# [What the task requires]
Any picture in the listing is left out of the copy; all else is duplicated exactly.

# [Data]
==========

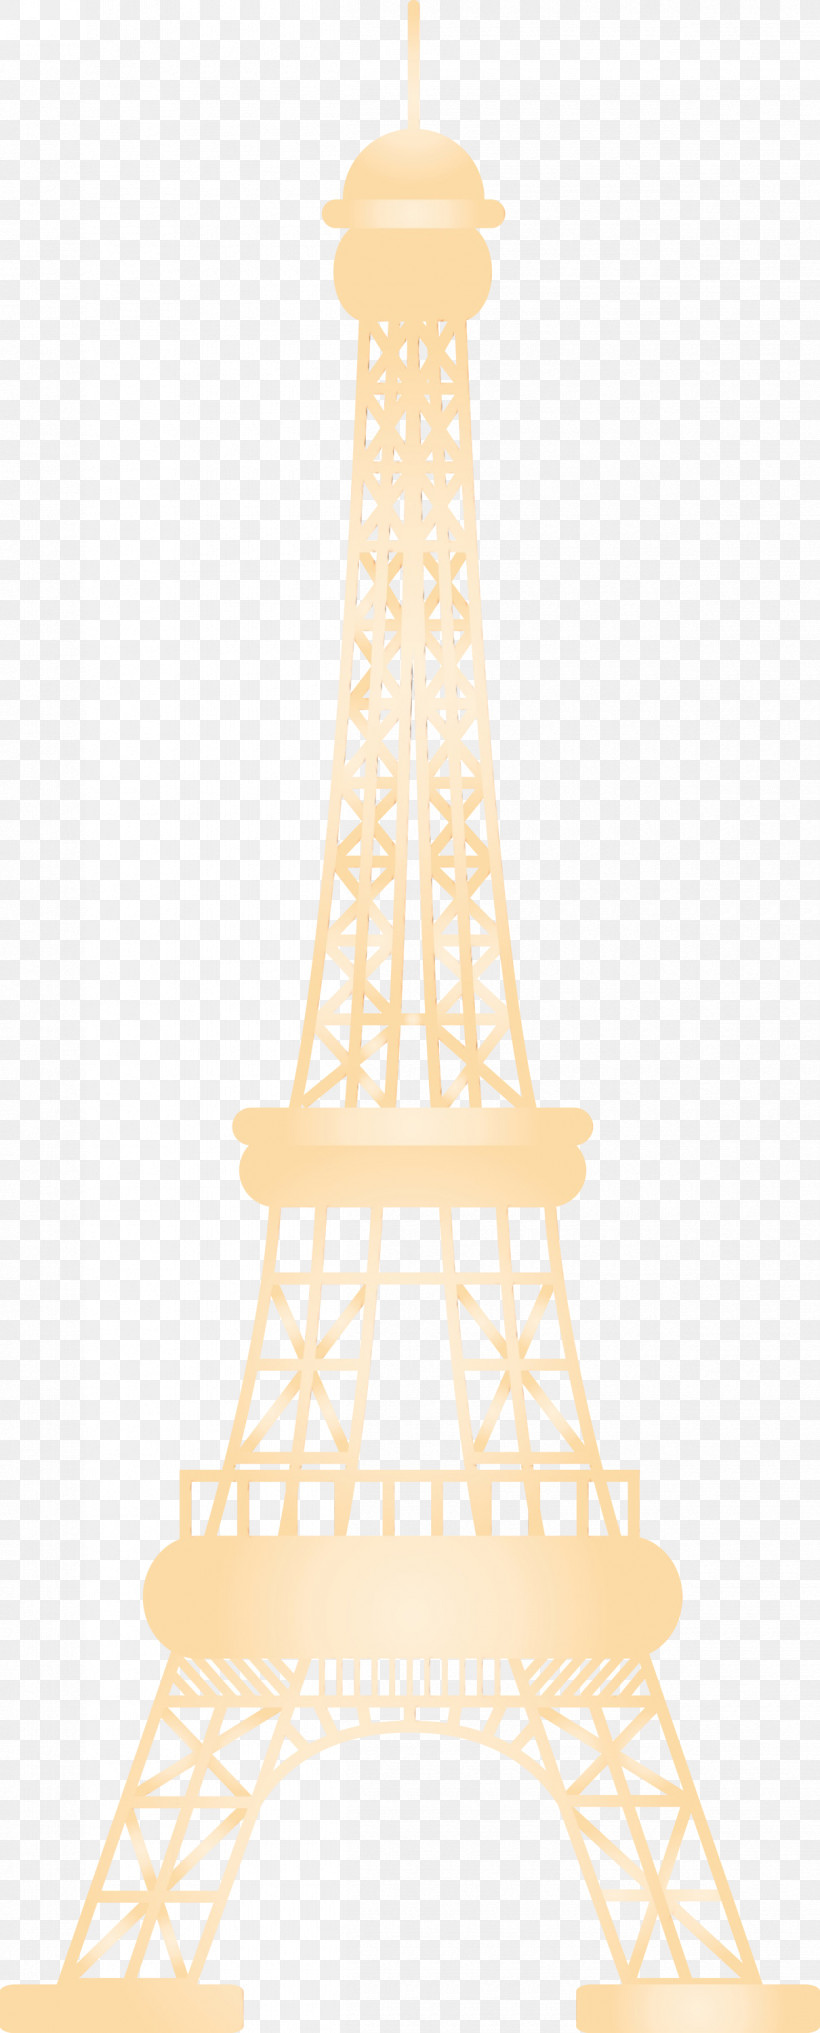 Klcc East Gate Tower Meter Font Tower, PNG, 1210x3000px, Watercolor, Klcc East Gate Tower, Meter, Paint, Tower Download Free
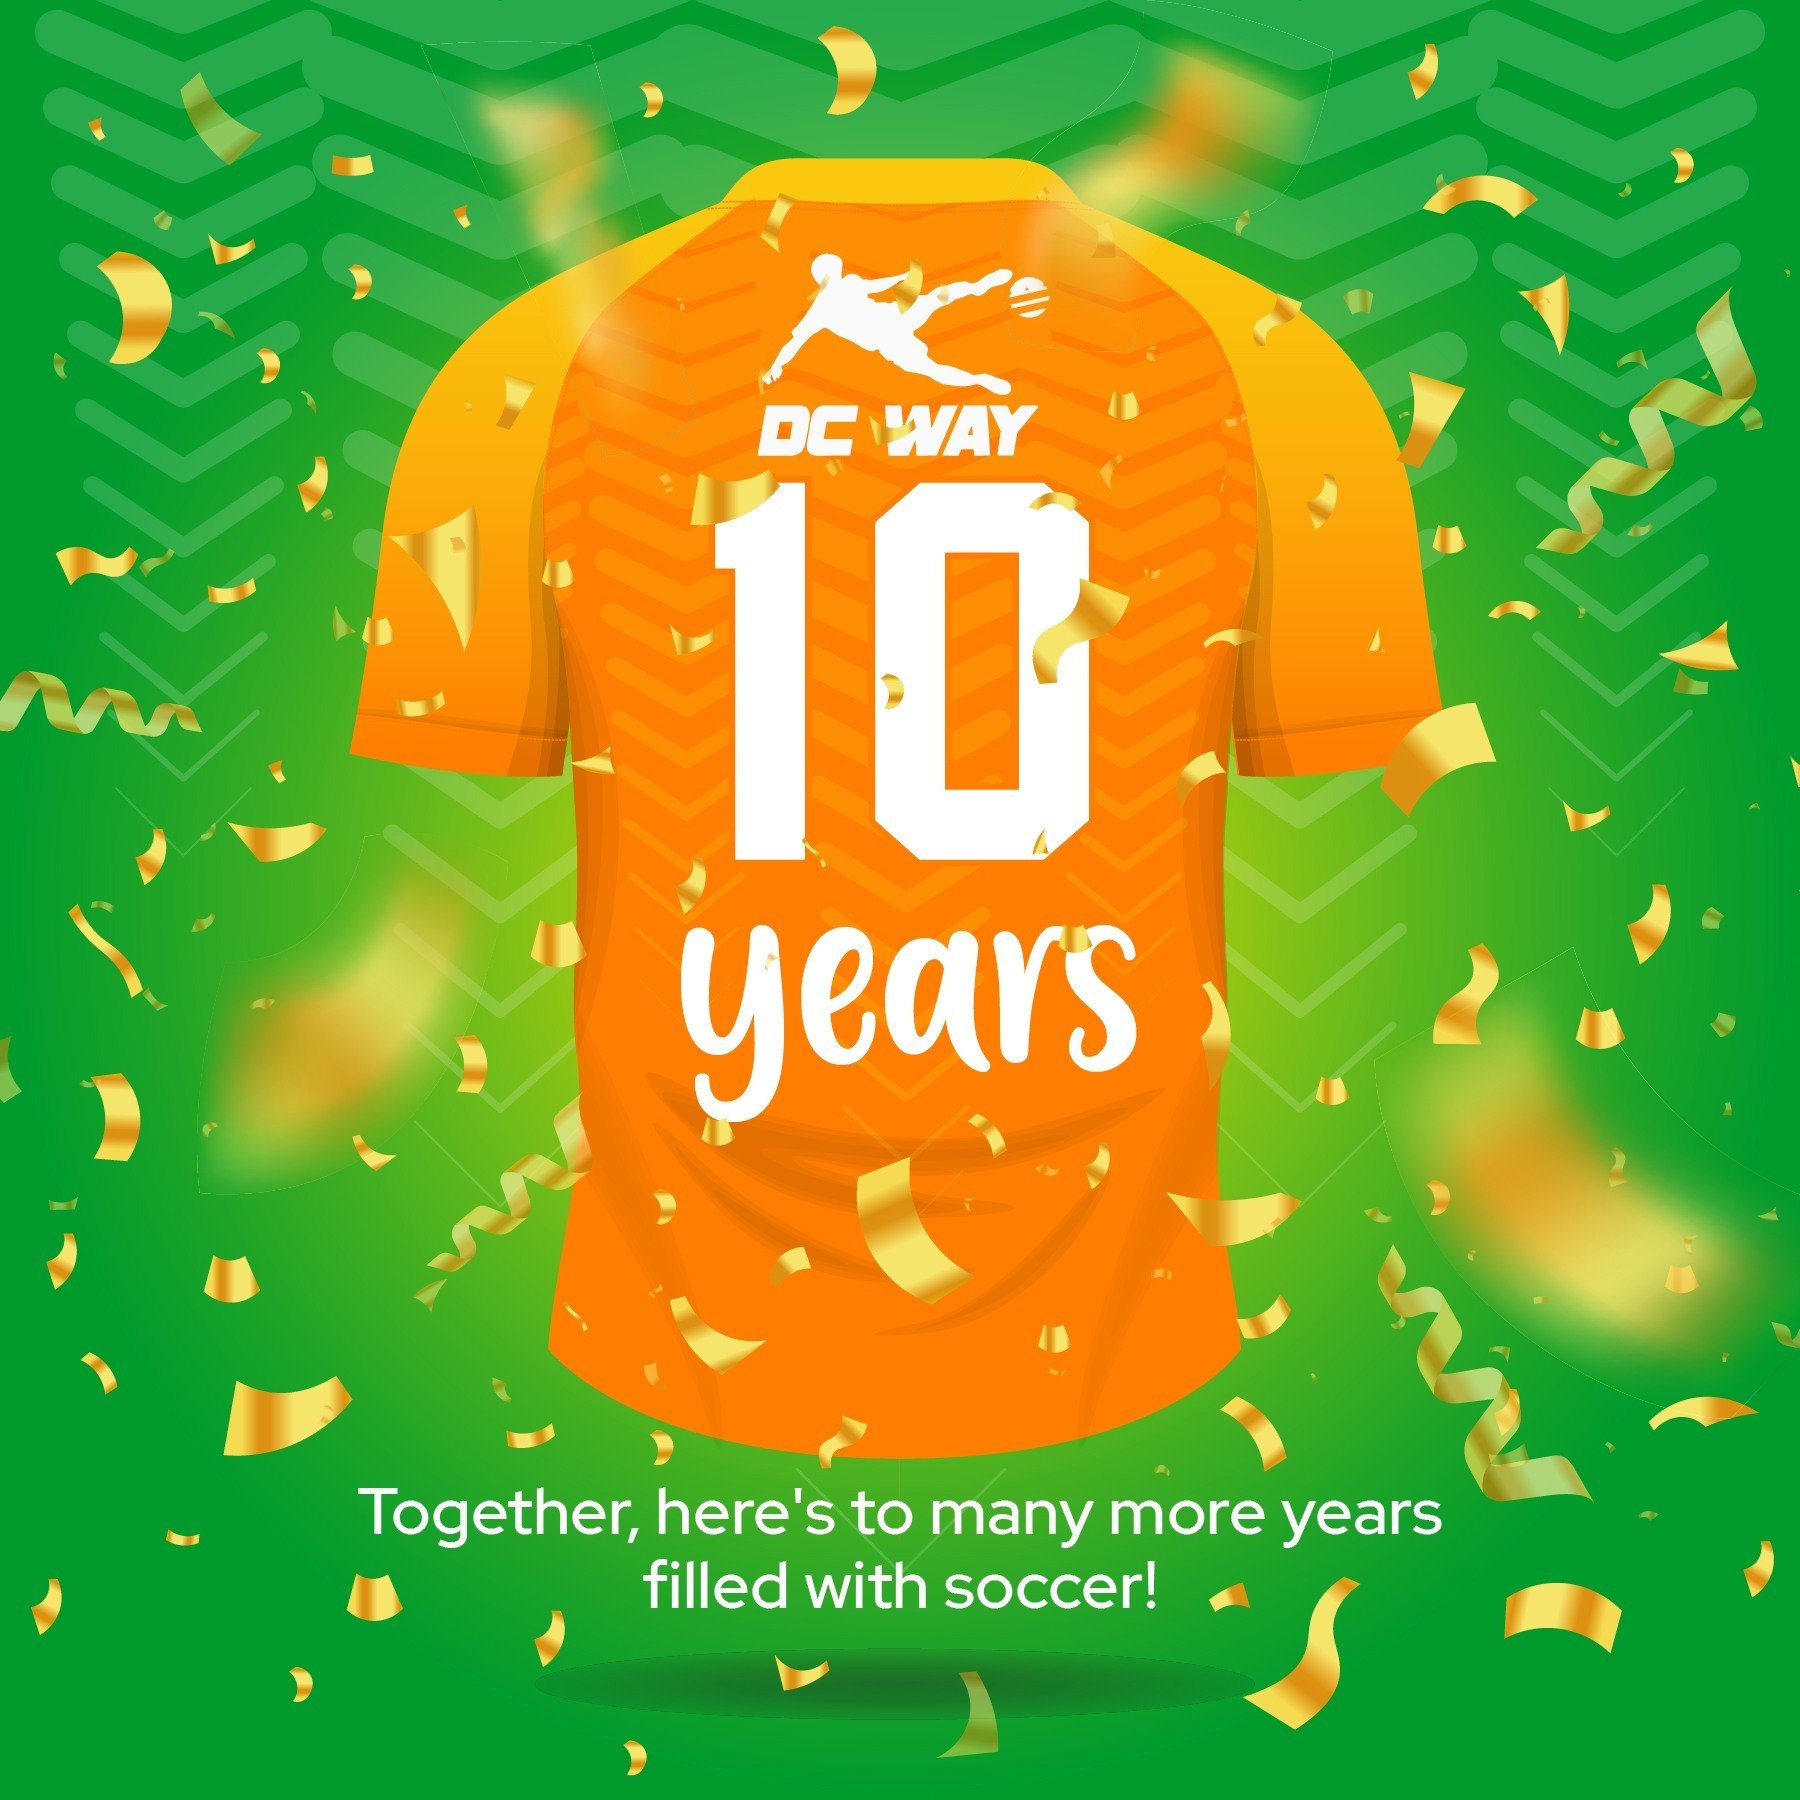 A decade ago, we embarked on a journey fueled by our love for soccer, and today, we celebrate a decade of unforgettable moments, growth, and passion. 🐼🎂

From our humble beginnings on the vibrant streets of Capitol Hill in 2013 to becoming an award

==========

# [Response below]
 Klcc East Gate Tower Meter Font Tower, PNG, 1210x3000px, Watercolor, Klcc East Gate Tower, Meter, Paint, Tower Download Free
 A decade ago, we embarked on a journey fueled by our love for soccer, and today, we celebrate a decade of unforgettable moments, growth, and passion. 🐼🎂

From our humble beginnings on the vibrant streets of Capitol Hill in 2013 to becoming an award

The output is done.